Some surprising research findings about how milk is made that have not
been covered yet:
One thing we've learned is that milk goes back up the ducts to the area
outside the milk glands (alveoli), allowing feedback to the breast about
how much milk the baby didn't take. This is Donna Geddes discovery, and
it is in agreement with other research findings, i.e. that germs ascend
from the nipple to cause mastitis, and now that cells from baby's saliva
are found in the breast.
We also found that it's how much milk the baby takes, not the fat
content that leads to growth. The citation for this study that Jean
Riddler mentioned:
Effect of sucking characteristics on breast milk creamatocrit.
Paediatric and Perinatal Epidemiology. 16(4):355-360, October 2002.
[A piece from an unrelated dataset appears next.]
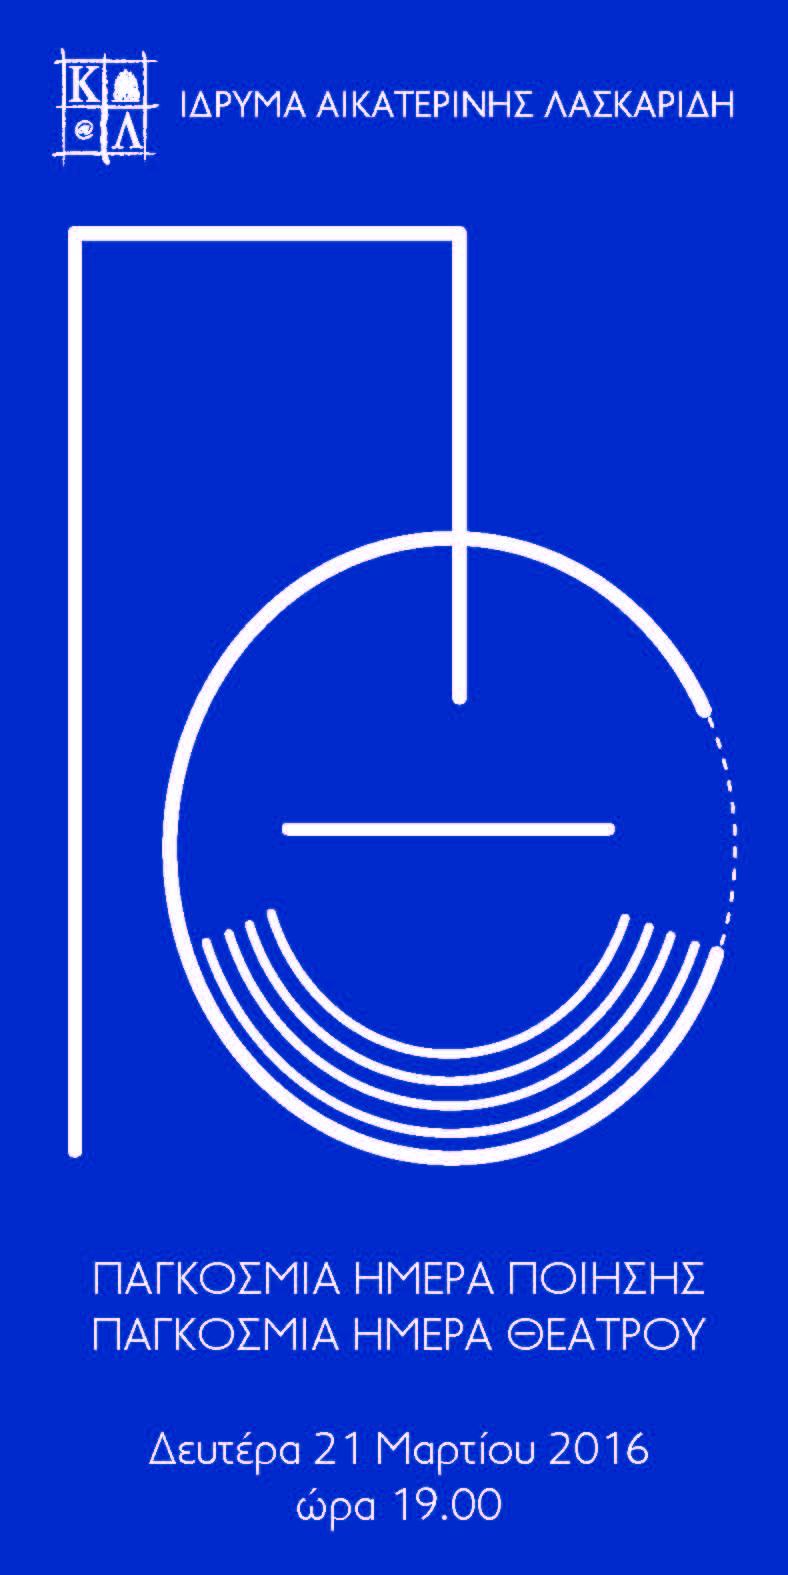 Το «Ίδρυμα Αικατερίνης Λασκαρίδη» γιορτάζει μαζί τις Παγκόσμιες Ημέρες Ποίησης και Θεάτρου

Aksit, Sadik; Ozkayin, Nese; Caglayan, Suat
It's well worth reading. Remember the "lack of fat/hindmilk" dx was a
hypothesis. In my experience, babies who are getting relative lactose
overloads are FAT, not skinny. Skinny babies are usually not getting
enough volume.
Peter Hartmann and people working in his lab found that babies
breastfeeding well take about 75-79% of the stored milk from mom's
breast (from their topographic analysis studies measuring breast volume
with a computer). Susan Burger mentions one of their studies of mothers
pumping with the research pump (Symphony) that showed a significant
proportion of successfully breastfeeding mothers did not remove 50% of
their milk with that pump. That's NOT a good thing for their future milk
production if they were to rely on that pump. Research is obviously
ongoing to try to improve that performance. In my work with tongue-tied
babies, some of them only take half or less than the milk mom can then
immediately pump.
We keep learning, and it's fascinating. For now, I advise moms to offer
both breasts, especially in the early weeks, unless baby is gaining more
than 2 lb per month, is miserable, and has gi symptoms.